Section C to be lodged with ASIC within one month after the cancellation of shares.

 

Capital Reductions
A reduction of share capital occurs when any money paid to a company in respect of a member's shares is returned to the member.

s256A – s256E

 

Information sheet: Reduction in share capital

Equal Reduction
An Equal Reduction:
(a) relates only to ordinary shares; and
(b) applies to each holder of ordinary shares in proportion to the number of ordinary shares they hold; and
(c) the terms of reduction are the same for each holder of ordinary shares.

s249H(1)
s249(HA)(1)

 

Form 2560 – Notification of reduction in share capital details – to be lodged with ASIC at least 28 days before the members' meeting of a public listed company (or 21 days for a company other than a public listed company)

Change to company details (Form 484 - online).
Section C to be lodged with ASIC within one month after the cancellation of shares.

Information Sheet: Company (including special) resolutions

Selective Reduction
A Selective Reduction is a share capital reduction which doesn't meet the criteria of an Equal Reduction.

s249H(1)
s249(HA)(1)

 

Form 2560 – Notification of reduction in share capital details – to be lodged with ASIC at least 28 days before the members' meeting of a public listed company (or 21 days for a company other than a public listed company)

Information Sheet: Company (including special) resolutions

s256(C)(3)

Form 2205 – Notification of resolutions regarding shares– to be lodged with ASIC within 14 days after passing the resolution. The company must not make the reduction until 14 days after lodgement

Change to company details (Form 484 - online).
Section C to be lodged with ASIC within one month after the cancellation of shares.

Forfeited Shares
A company may, by resolution passed at a general meeting, cancel shares that have been forfeited under the terms on which the shares are on issue.

s258D

Change to company details (Form 484 - online).
Section C to be lodged with ASIC within one month after the cancellation of shares.

 

Other Share Cancellations
Other capital reductions that will be authorised by the Act include:

  • The cancellation of the issue of a share incidental to a take-over (s651C)
  • A disclosure notice condition not met or defective (s724(2), 737, and 738)
  • A Court order under s1325A
  • Provisions of s258E
  • Shares cannot be cancelled unless the reason for the cancellation is covered under the Corporations Act 2001

s258E, 651C, 724(2), 737, 738

Change to company details (Form 484 - online).
Section C to be lodged with ASIC within one month after the cancellation of shares.

 

Share Buy-backs
A 'buy back' involves a company reclaiming issued shares by purchasing them from existing members

s257A-J

Form 280 – Notification of share buy-back details - to be lodged with ASIC before the notice of meeting is sent to members. ASIC must be given at least 14 days notice before a resolution is passed or a buy-back agreement is entered into.
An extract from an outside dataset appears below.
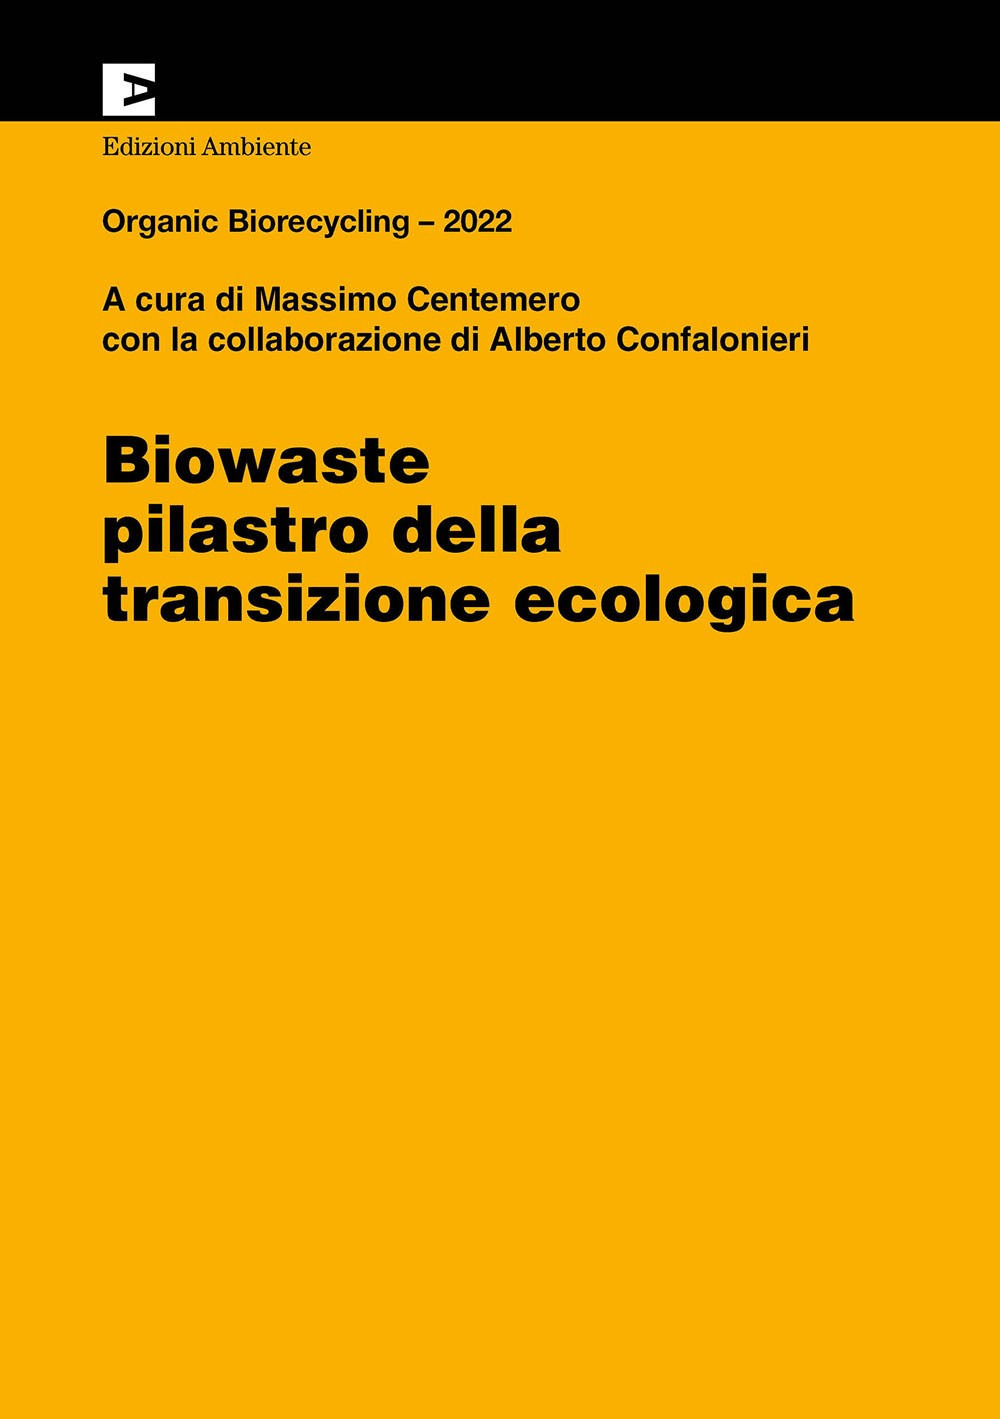 Biowaste. Pilastro della transizione ecologica. Organic Biorecycling 2022

Form 281 – Notice of Intention to carry out a share buy-back– to be lodged with ASIC where the company wants to have less than 14 days between lodging the Form 280 or entering into the buy-back agreement.

Change to company details (Form 484 - online).
Section C to be lodged with ASIC within one month after the cancellation of shares.

Information sheet: Share buy-backs

More information

Shares

Share buy backs

Reduction in share capital

Members

Important notice

Please note that this information sheet is a summary giving you basic information about a particular topic. It does not cover the whole of the relevant law regarding that topic, and it is not a substitute for professional advice.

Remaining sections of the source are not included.